Technical reference¶
- class elem_effects.permutations.PermutationsArray(num_dims, num_levels=4, lower=0.0, upper=1.0, index_array=True)¶
Create an array of possible input parameters, of dimensions (number of levels per parameter, number of parameters).
Can return either the percentages, from 0 to 1, which can be translated back into parameter space using the percentage point function; or the integer indices, from 0 to num_levels - 1, which are more easily used with a table of pre-calculated values which correspond to the percentages.
- Args:
- num_dims (integer): Number of input parmeters (number of parameters in model)
- num_levels (integer, optional, default 4): Number of possible levels per parameter
- lower (float, optional, default 0): Minimum parameter value
- upper (float, optional, default 1): Maximum parameter value
- index_array (boolean, optional, default True): Provide integer indices instead of percentages
- create()¶
Create the array of possible permutations.
- Returns:
- permutations array (NumPy array)
- class elem_effects.elem_effects.ElementaryEffects(model, trajectories)¶
Given an array of possible permutations and a model, compute the parameters that can be rejected using the method of elementary effects.
- class elem_effects.trajectories.Trajectory(start, end, order)¶
A trajectory of points where each point has a unique set of values for each parameter in the model.
The Method of Elementary Effects looks at the difference in model outputs from a change in one parameter at a time, and a trajectory is all parameter values needed so that each paramter changes once.
- Args:
- start (1-d numpy array): A numpy array of point coordinates at start of trajectory.
- end (1-d numpy array): A numpy array of point coordinates at end of trajectory.
- order (1-d integer numpy array): An array that lists the order that each parameter should be changed, e.g. [2, 0, 1] would mean the middle parameter changes first, then the last, and finally the first parameter is changed.
- get_at_index(i)¶
Get trajectory at index i, where is is step number, starting at zero (so when i=0, this is the first step in the trajectory, not the starting position).
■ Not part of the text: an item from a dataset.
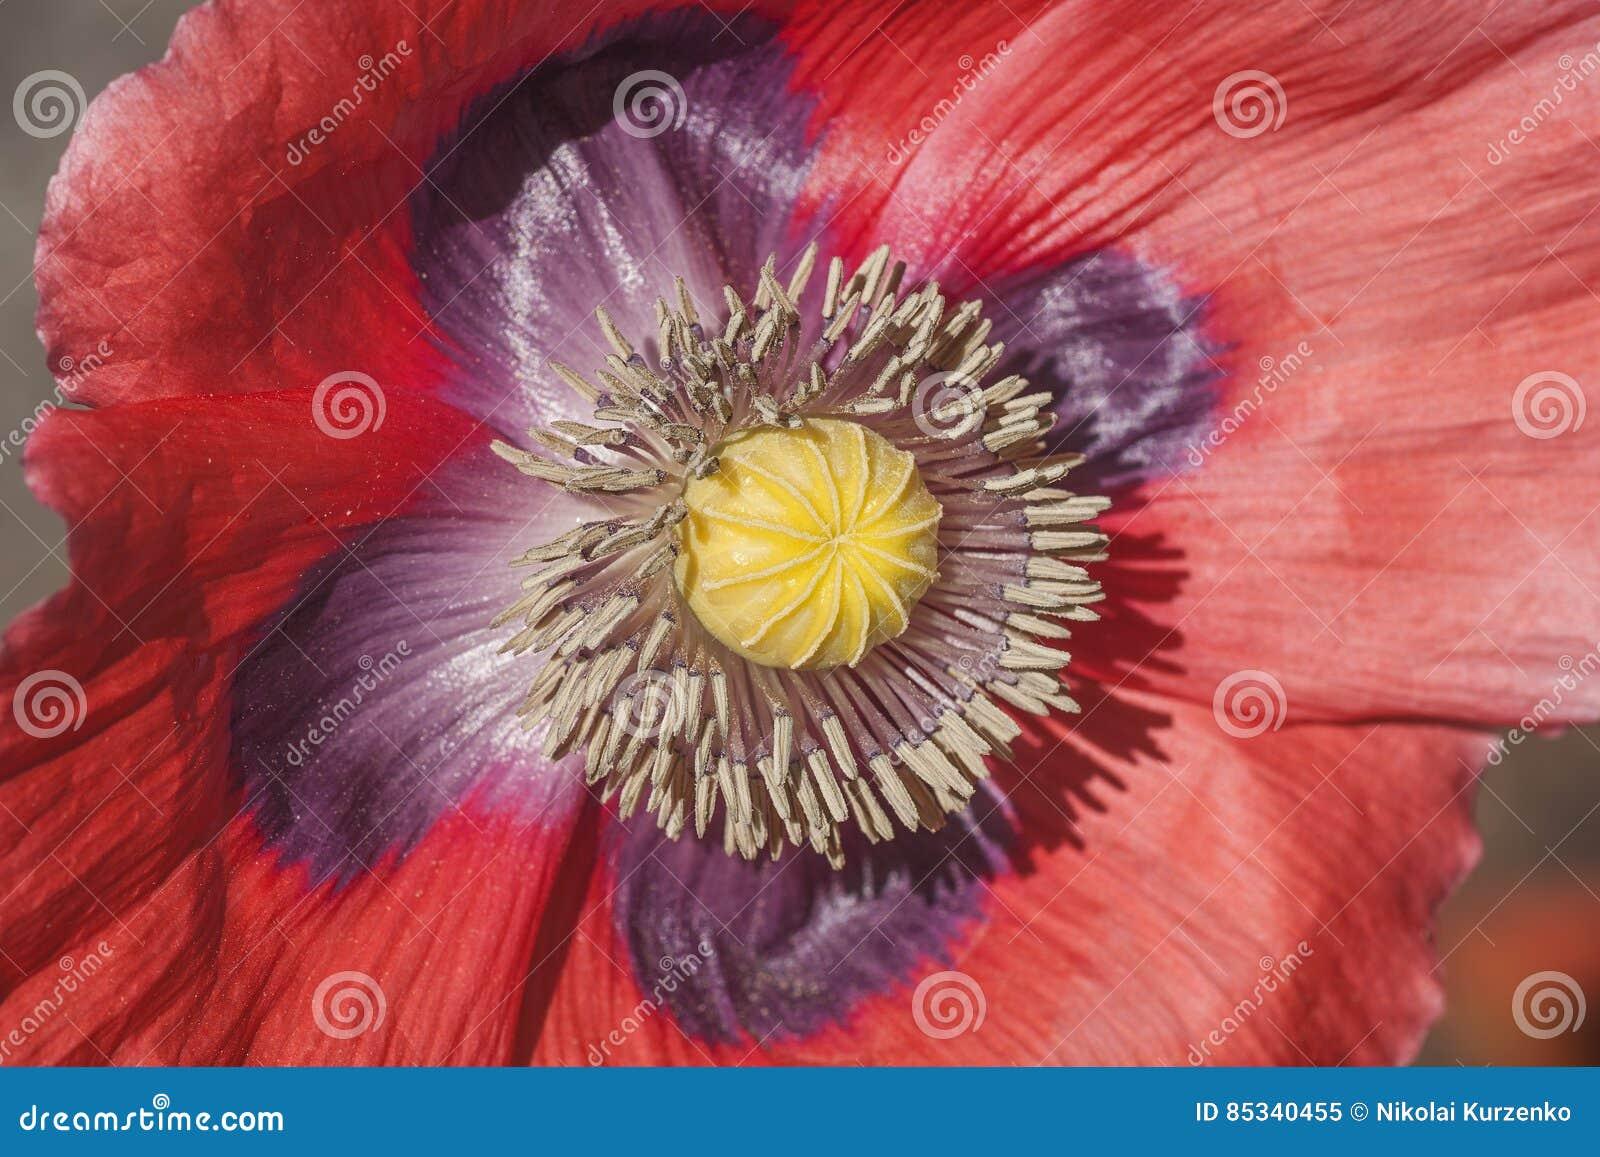 Opium Poppy Flower Stock Image Image Of Petal Pollen 85340455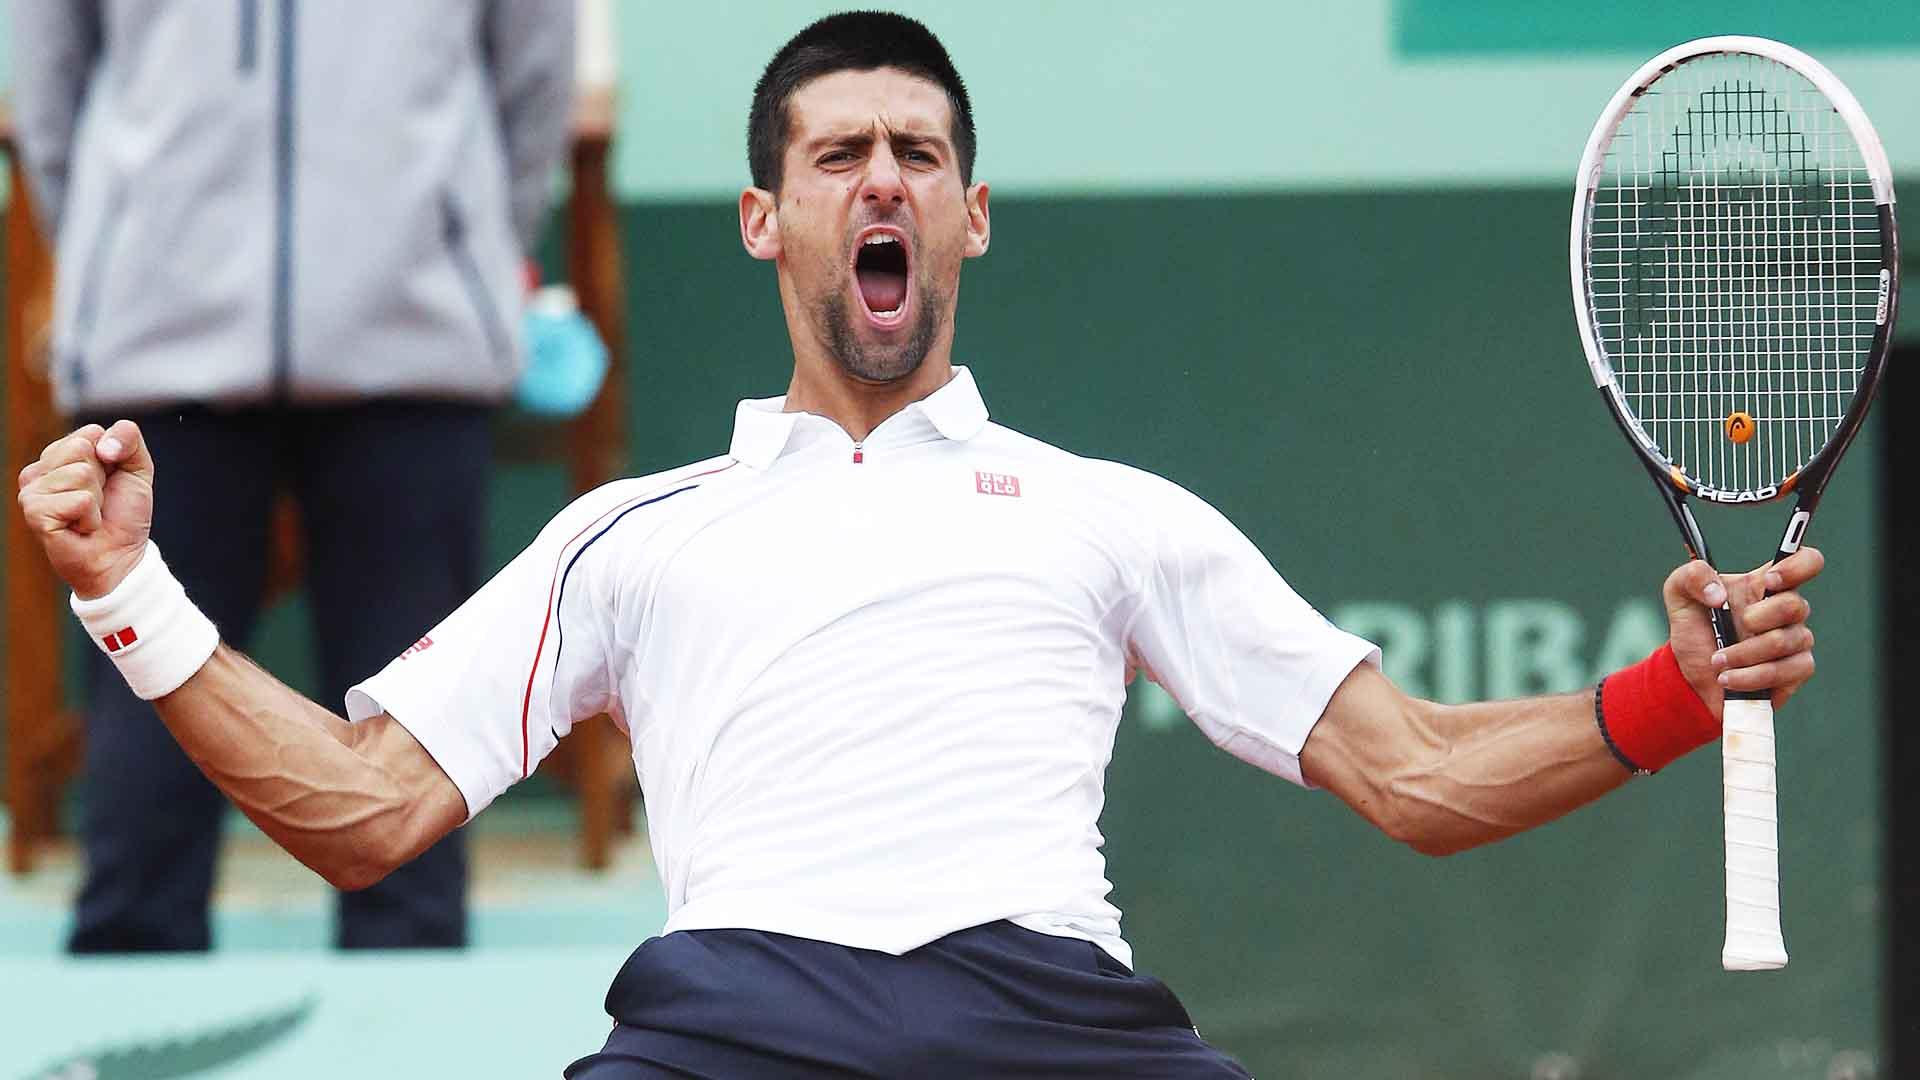 Roland Garros Flashback : Novak Djokovic Saves 4 M . P . To Beat Jo - Wilfried Tsonga In 2012 | ATP Tour

Use self.reset() to revert to starting coordinates.
- Args:
- i (integer): Index to retrieve trajectory from.
- Returns:
- 1-d numpy array of coordinates.
- points()¶
Get a 2-d numpy array of all point coordinates for the entire trajectory.
- Returns:
- 2-d numpy array of coordinates of entire trajectory, where the first row is the starting coordinates, and the last row is the ending coordinates.
- reset()¶
Reset to starting coordinates.
- set_index(i)¶
Replace first i starting elements with final values. Useful in more expensive computations where the entire trajectory is not evaluated at once.
Does not return anything, but sets self.current to the correct values.
- Args:
- i (integer): Index to jump to (i.e. the number of trajectory steps already evaluated)
- class elem_effects.trajectories.TrajectoryPicker(permutations, num_trajs=500, pick=10, seed=None, verbose=True)¶
Pick a set of trajectories, maximizing distance from each other.
- calculate_distance(a, b)¶
Calculate the summed Manhattan distance from every point in the trajectory a to every point in the trajectory b.
- create_trajectory()¶
Create a randomized Trajectory object
- kennard_stone(distances, pick)¶
Pick n objects by maximizing the minimum distance from next candiadate.